# About this task:
Once you reach the line with "disney-by-wear-your-mind-women-blue-printed-t-shirt" in the material below, copy each line exactly up to and including the line with "Victorian dinner bell, in", and skip the pictures.

# Records supplied:

────────

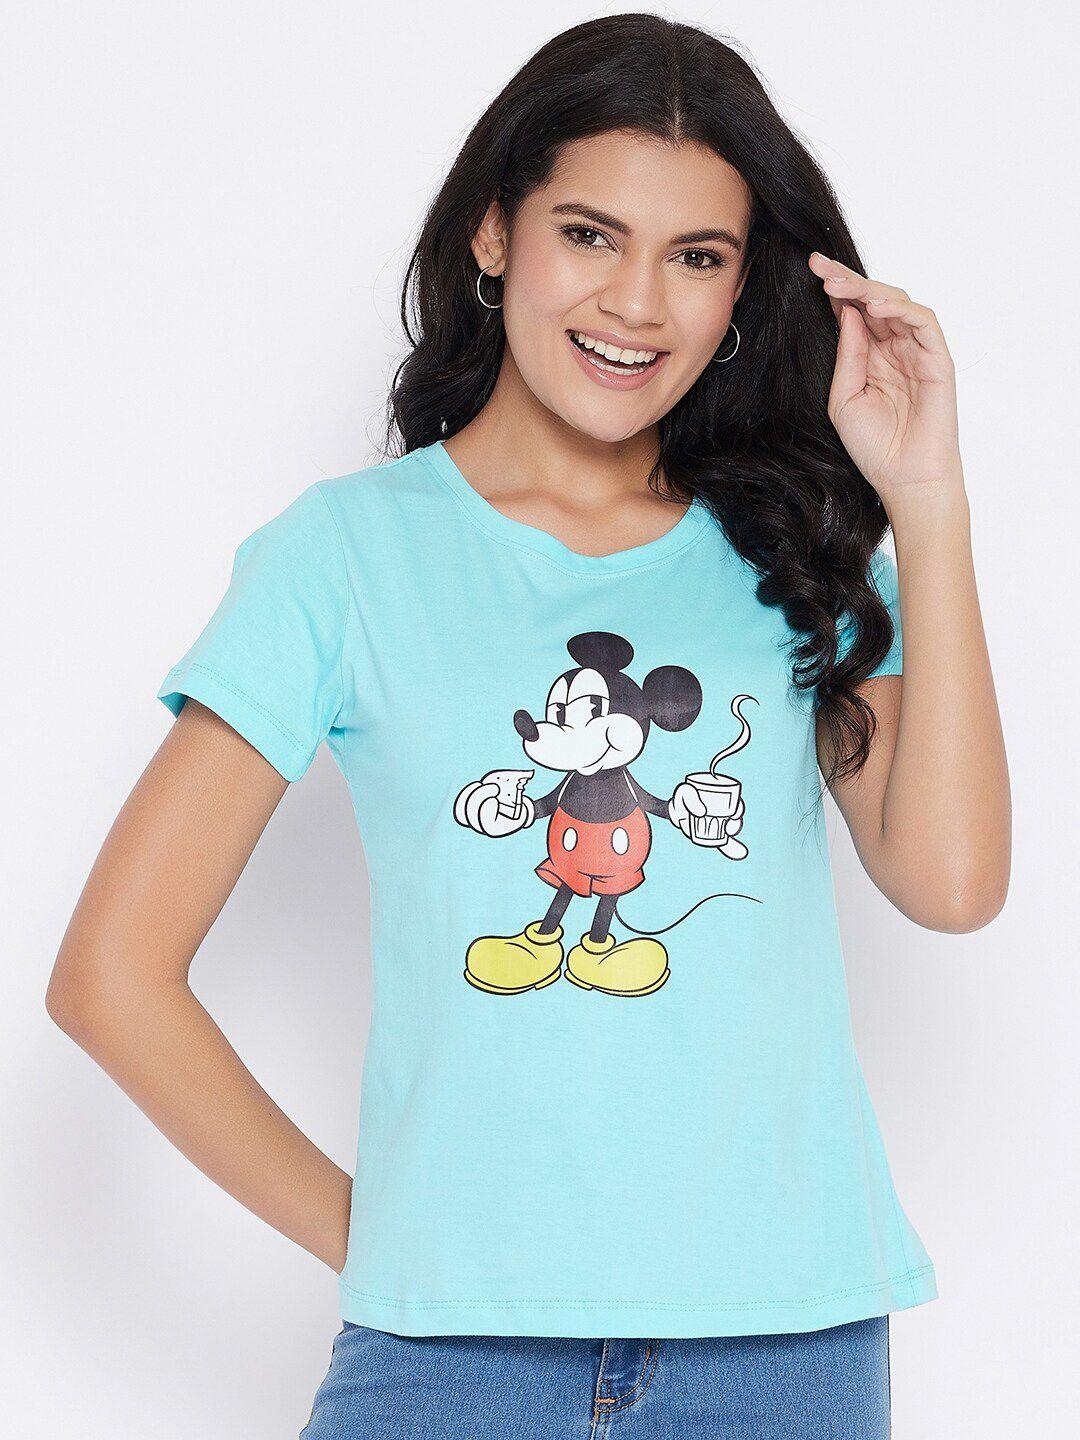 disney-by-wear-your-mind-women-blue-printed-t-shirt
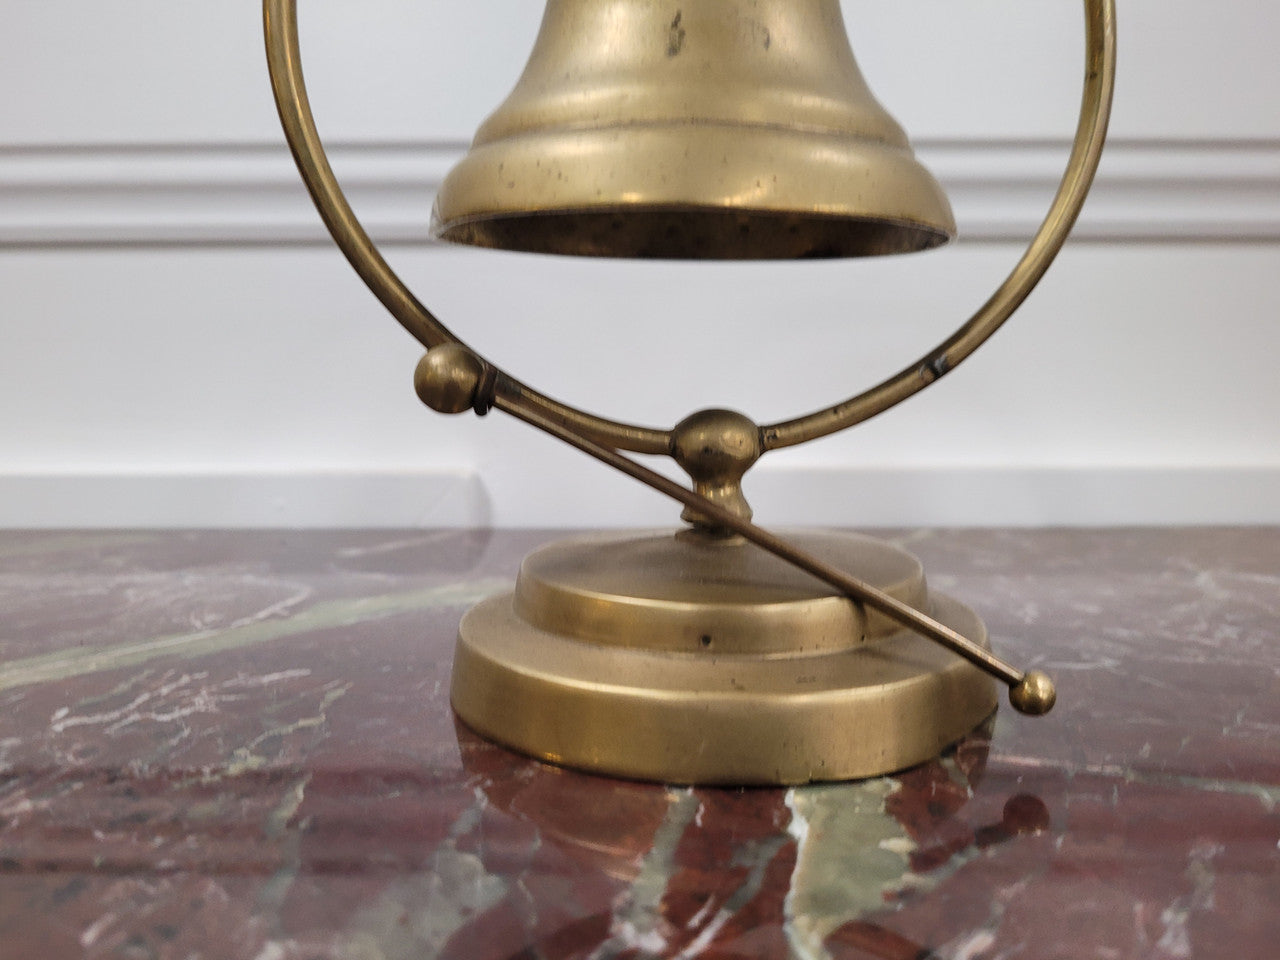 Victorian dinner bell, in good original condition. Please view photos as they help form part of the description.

────────

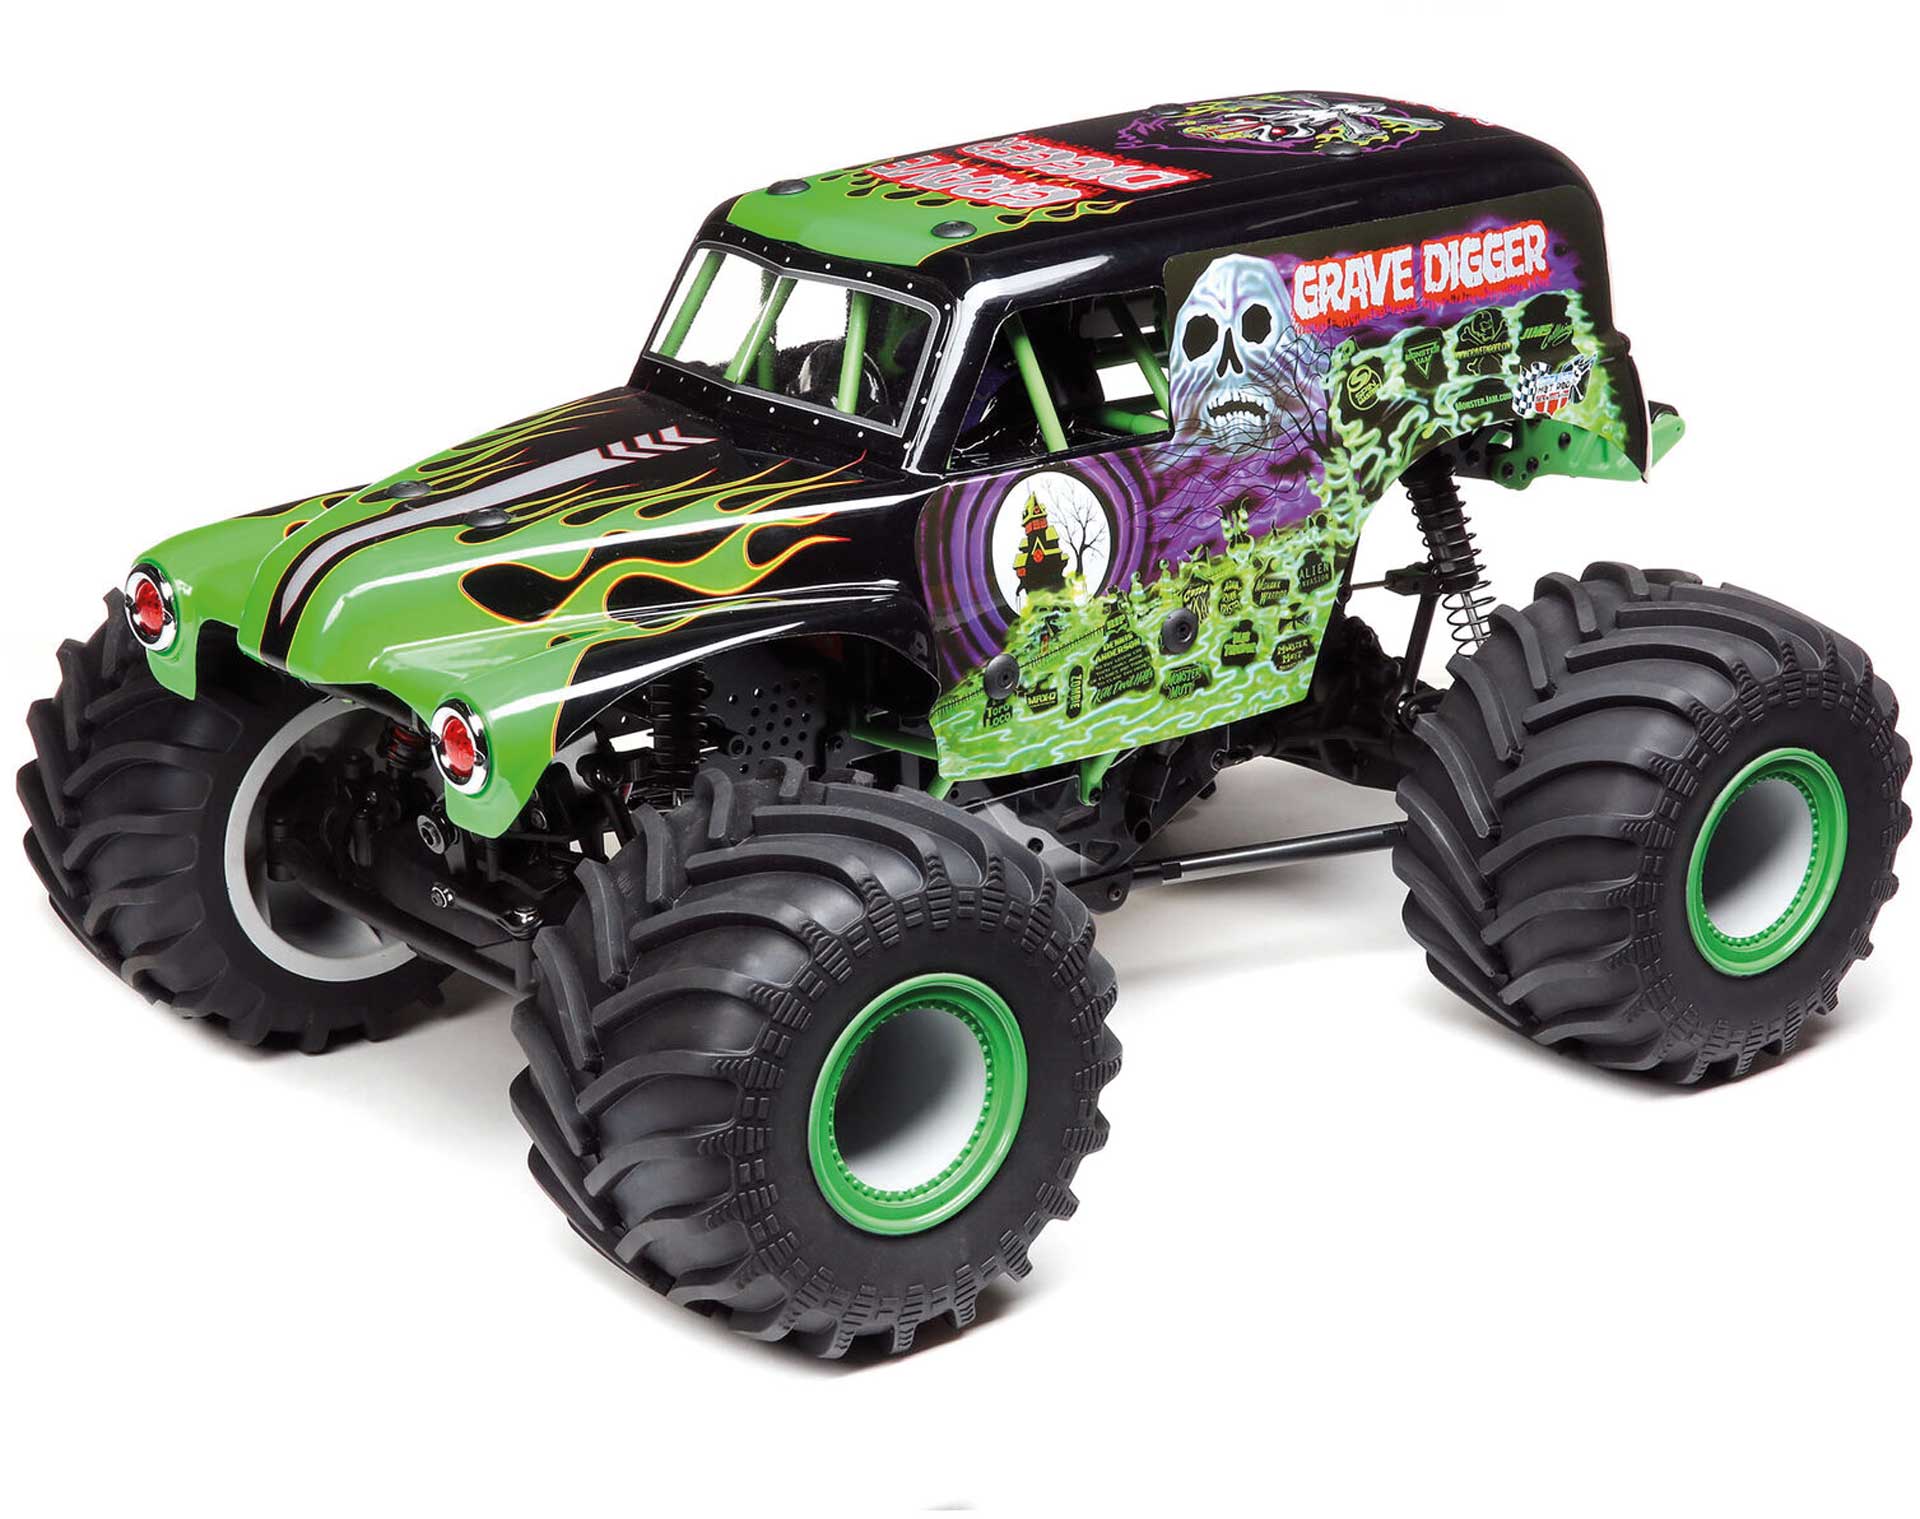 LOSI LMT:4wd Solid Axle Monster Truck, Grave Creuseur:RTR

────────

# Exercise answer:
 disney-by-wear-your-mind-women-blue-printed-t-shirt
 Victorian dinner bell, in good original condition. Please view photos as they help form part of the description.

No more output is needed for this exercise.